* [Exercise directions]
Below is a listing with pictures in it; transcribe exactly the lines from the one that has "Anillo de oro" through the one that has "Queen Elizabeth/Garter Ceremony.", and omit those pictures.

* [Task material]
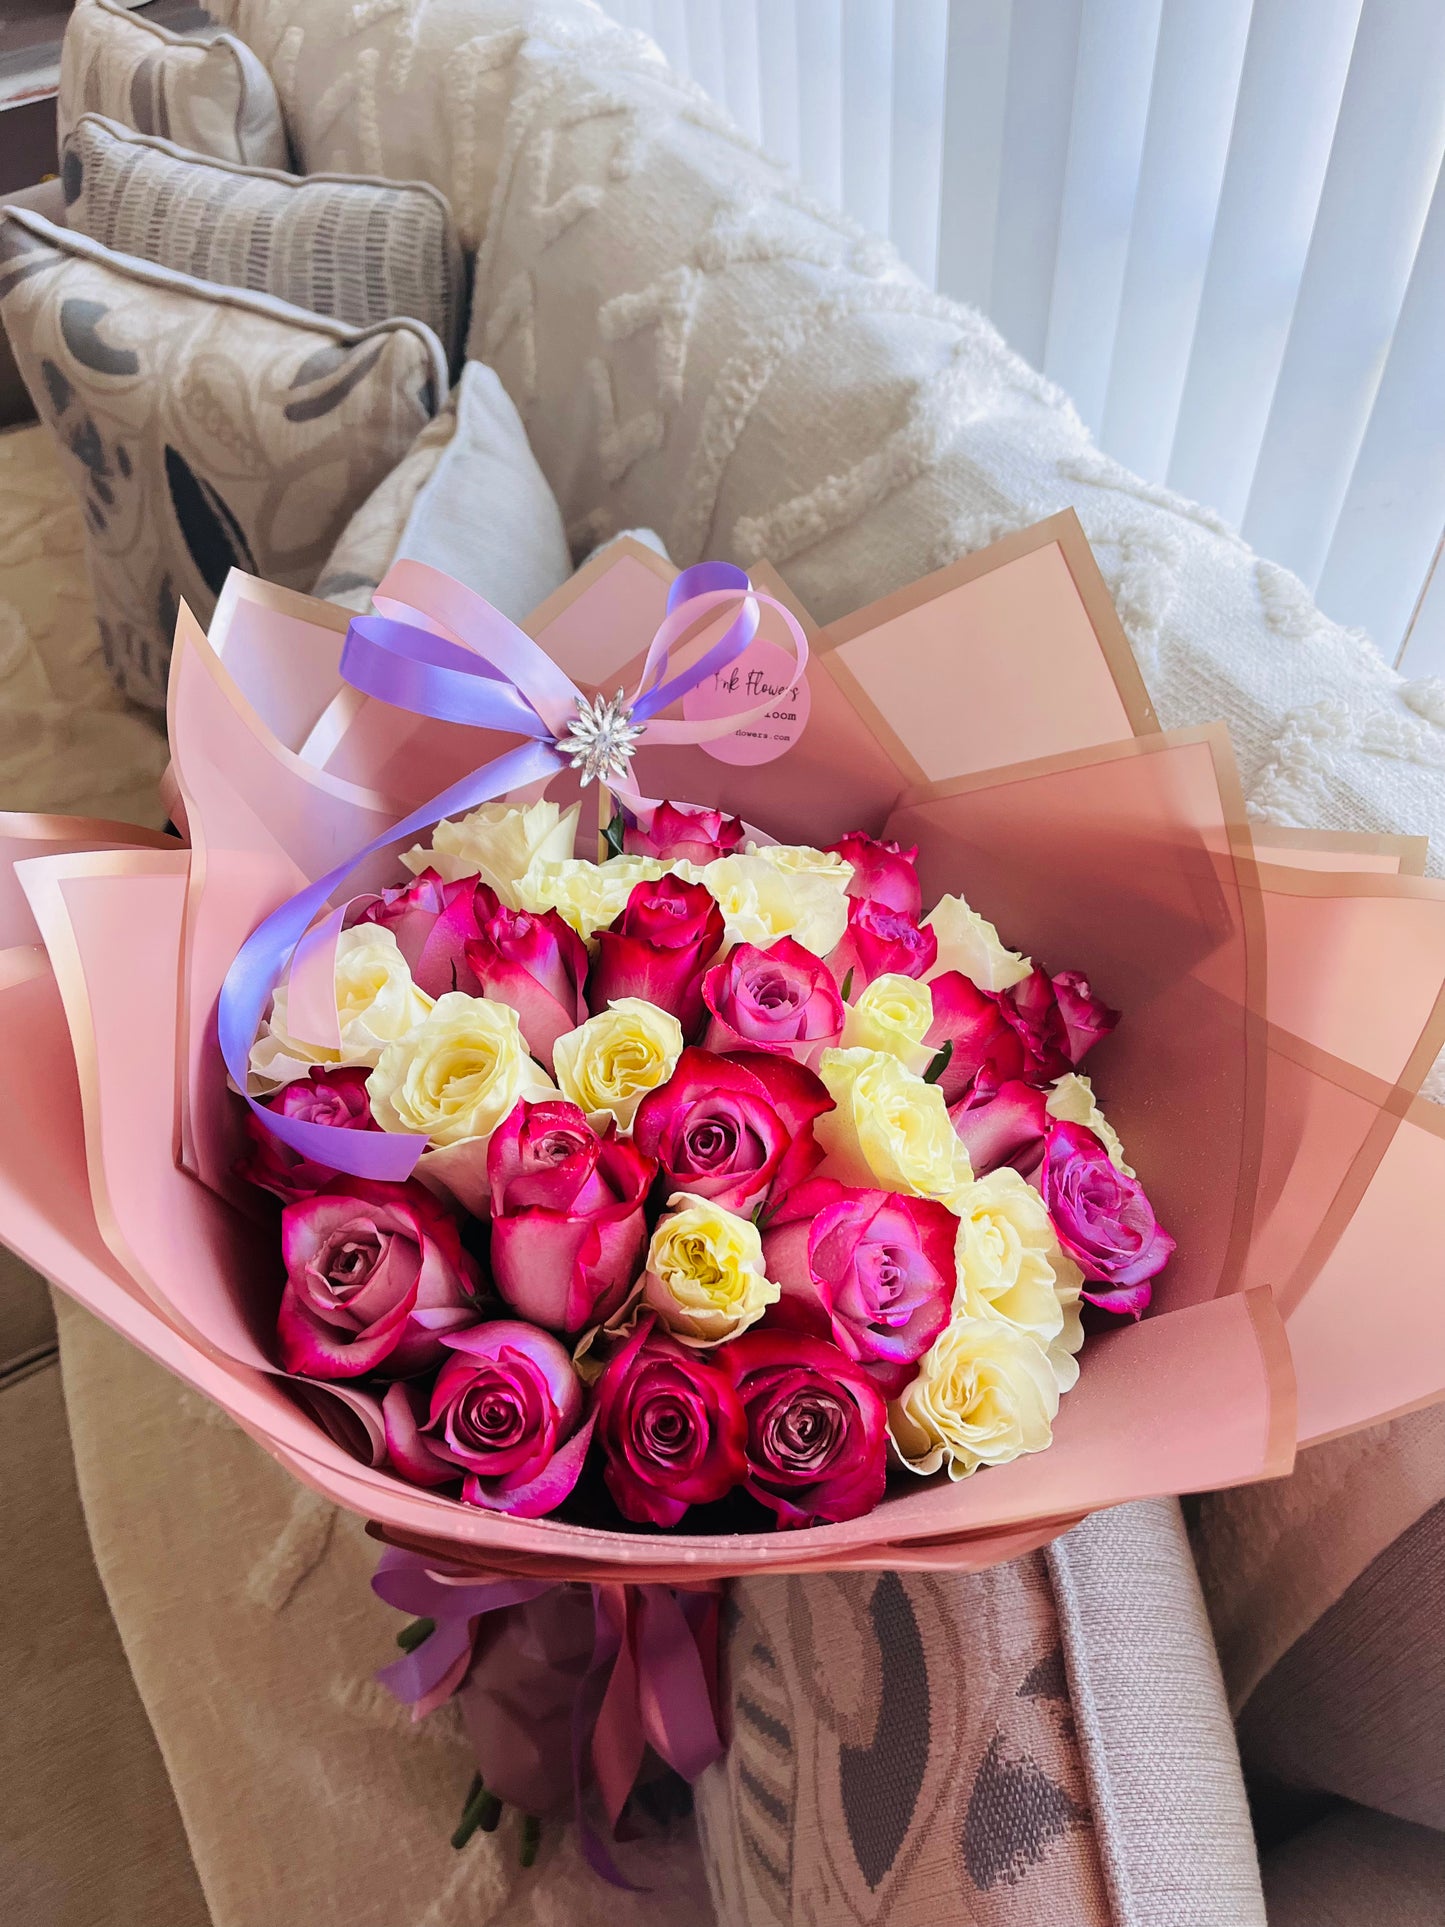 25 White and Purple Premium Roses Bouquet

...

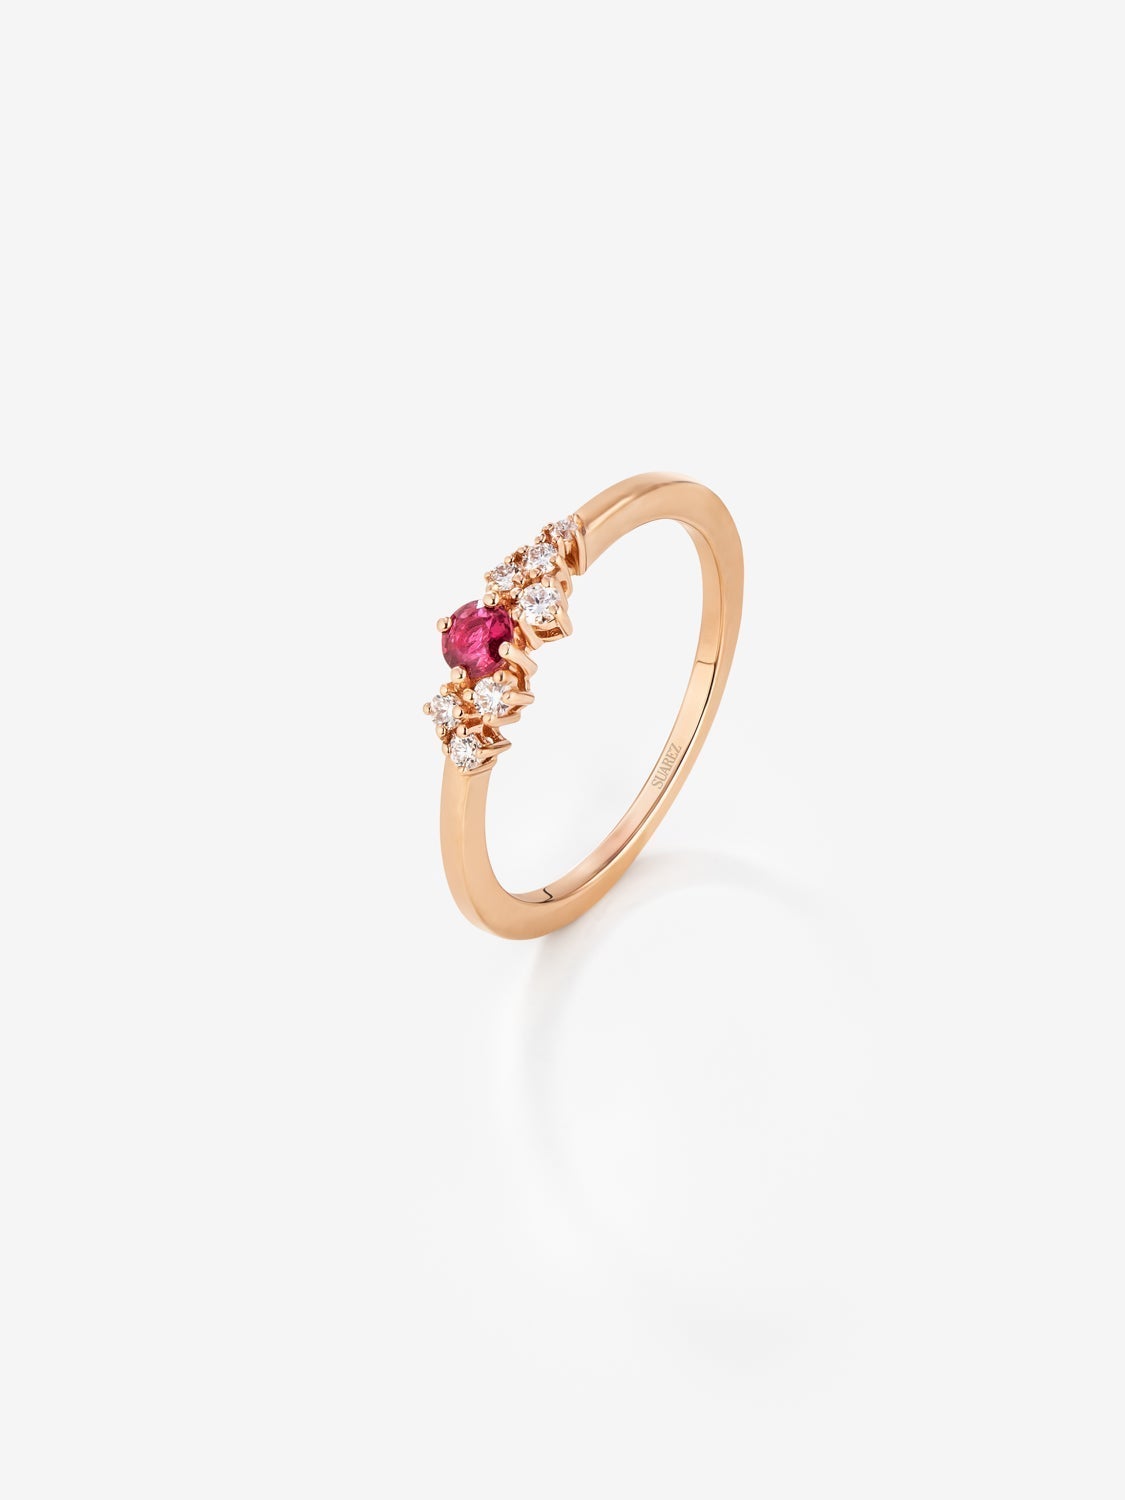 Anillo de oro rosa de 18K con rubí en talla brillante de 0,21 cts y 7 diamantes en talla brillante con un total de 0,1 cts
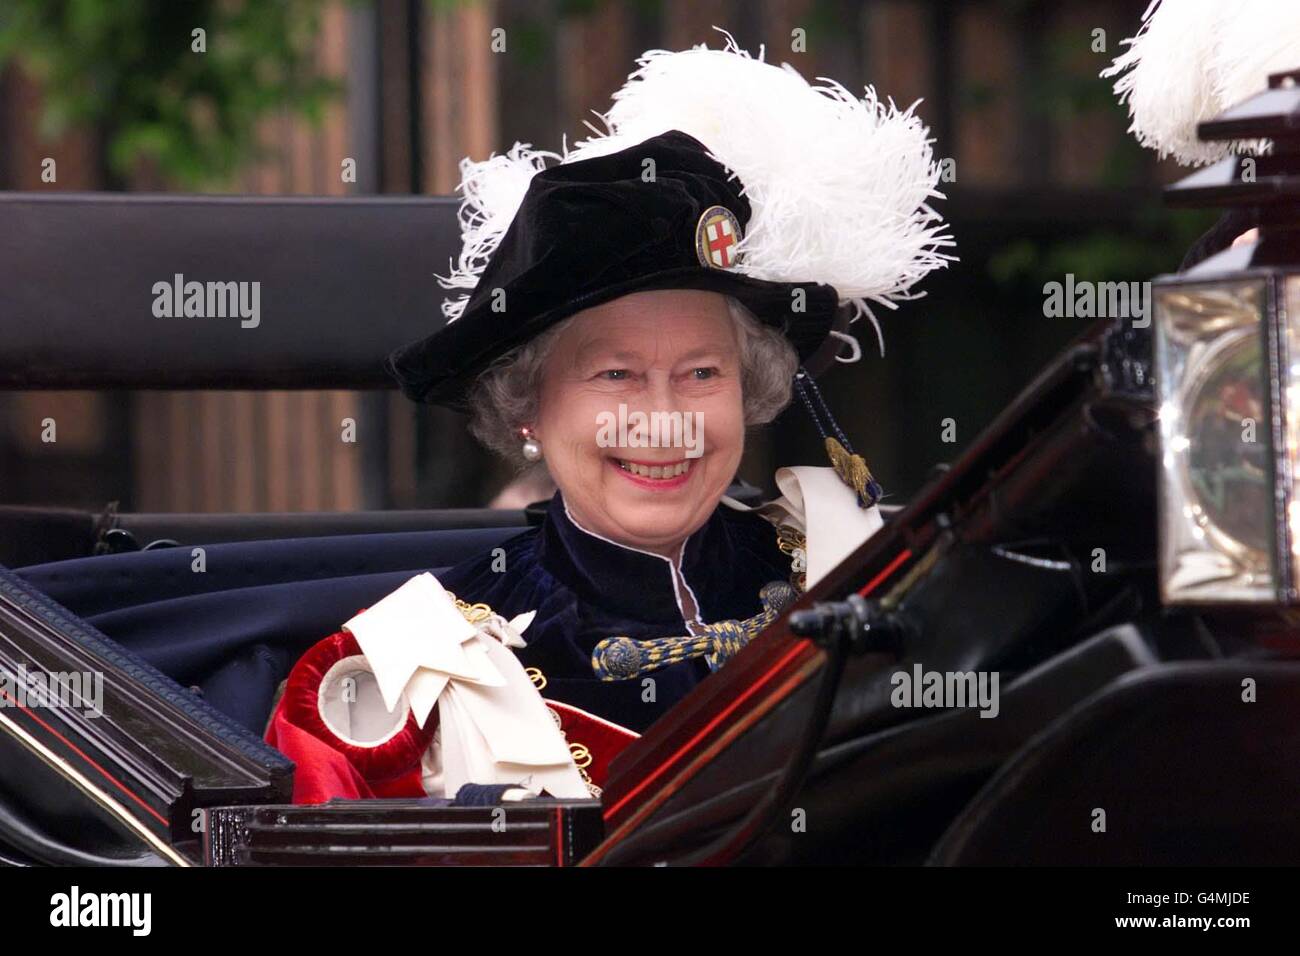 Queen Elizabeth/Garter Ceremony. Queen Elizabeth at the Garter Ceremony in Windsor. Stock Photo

---

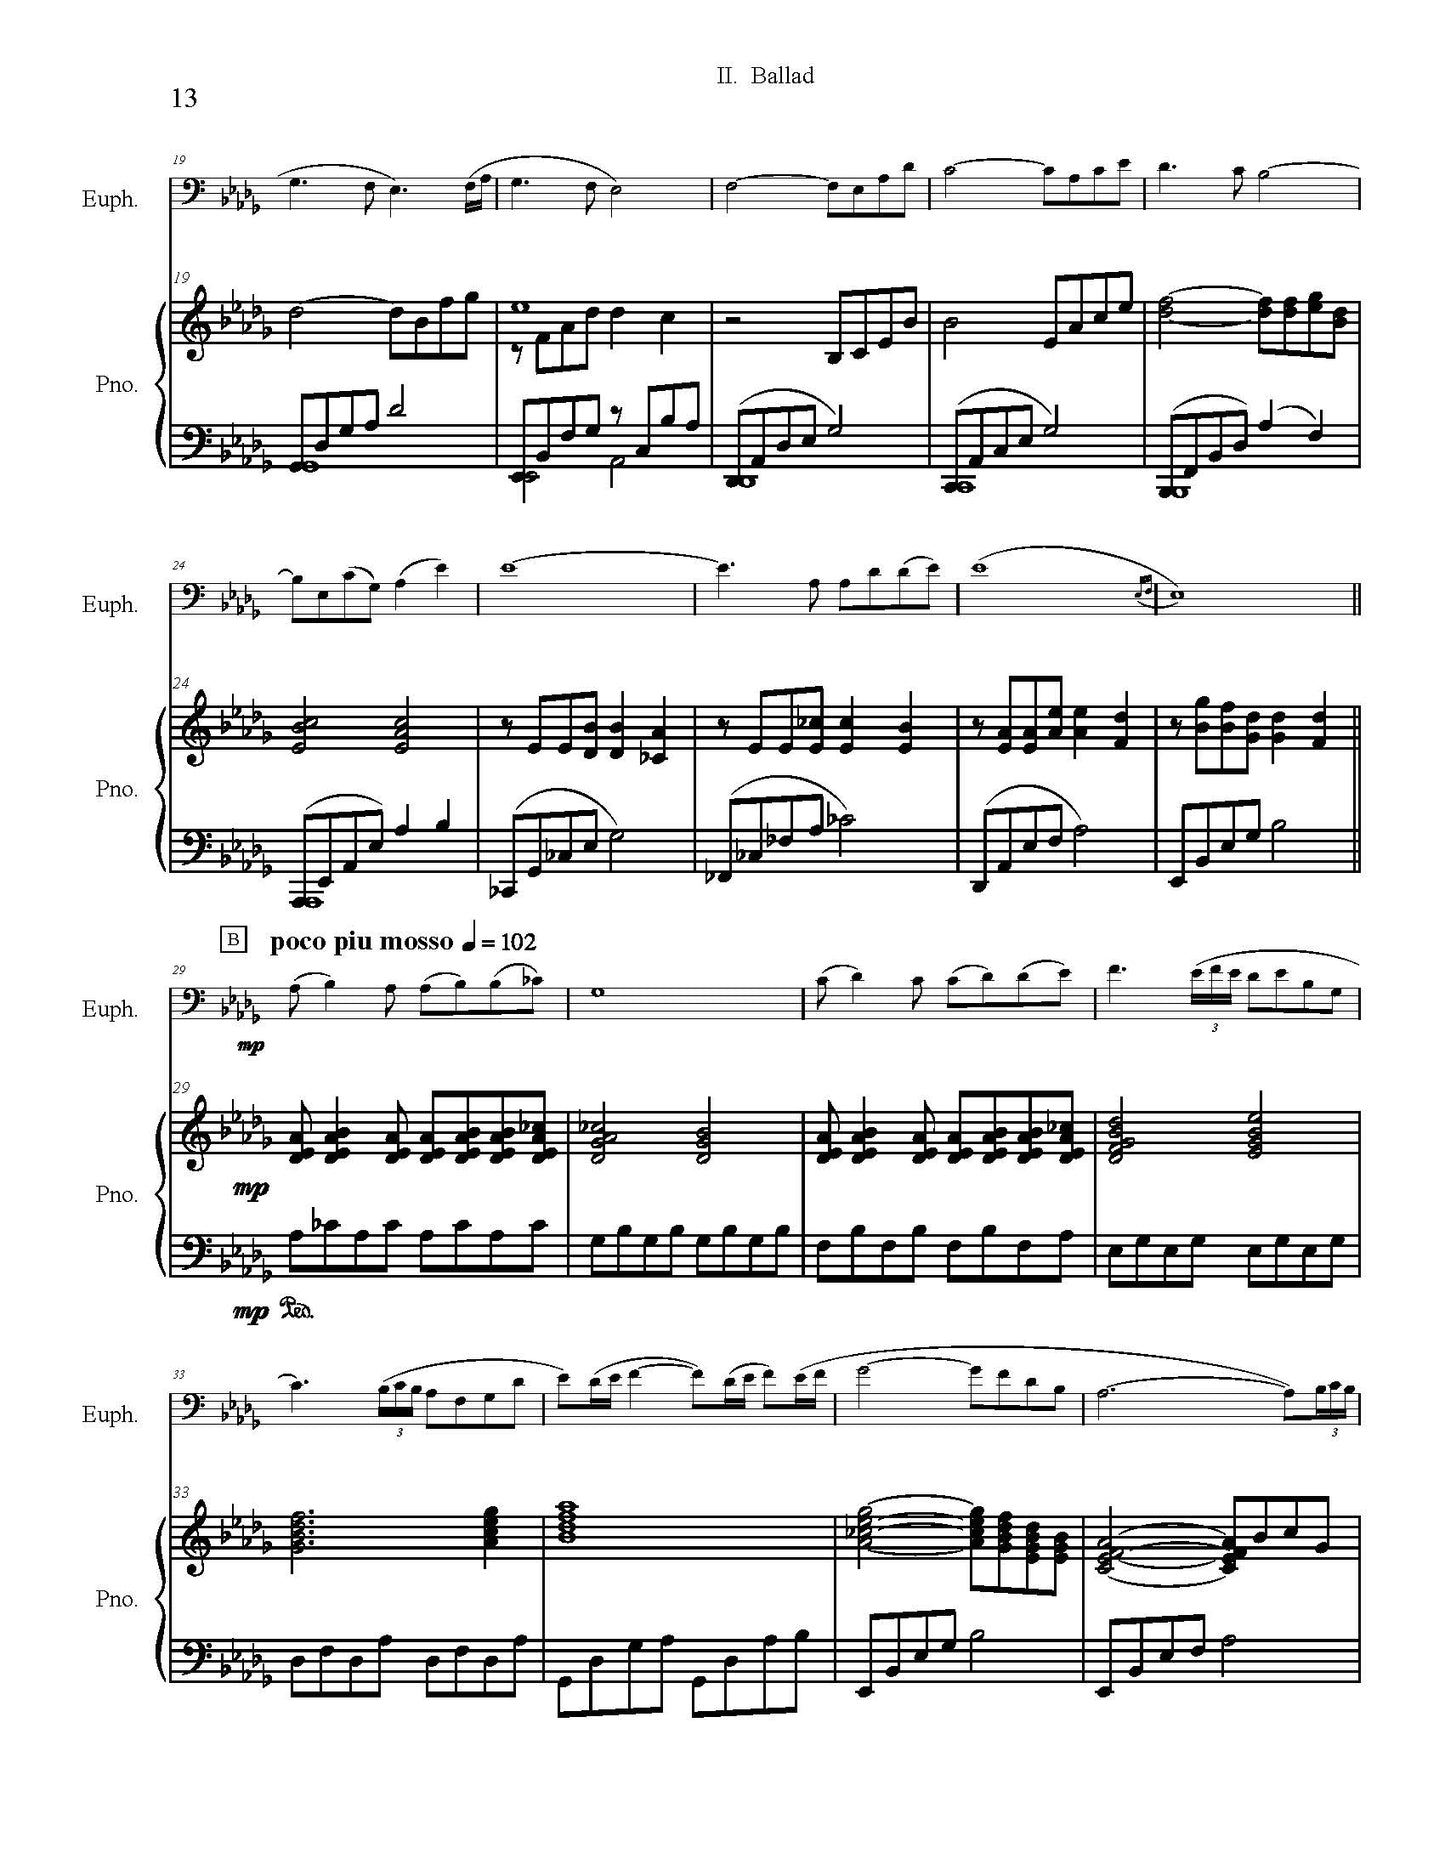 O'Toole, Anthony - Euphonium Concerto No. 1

* [Response to this exercise]
 Anillo de oro rosa de 18K con rubí en talla brillante de 0,21 cts y 7 diamantes en talla brillante con un total de 0,1 cts
 Queen Elizabeth/Garter Ceremony. Queen Elizabeth at the Garter Ceremony in Windsor. Stock Photo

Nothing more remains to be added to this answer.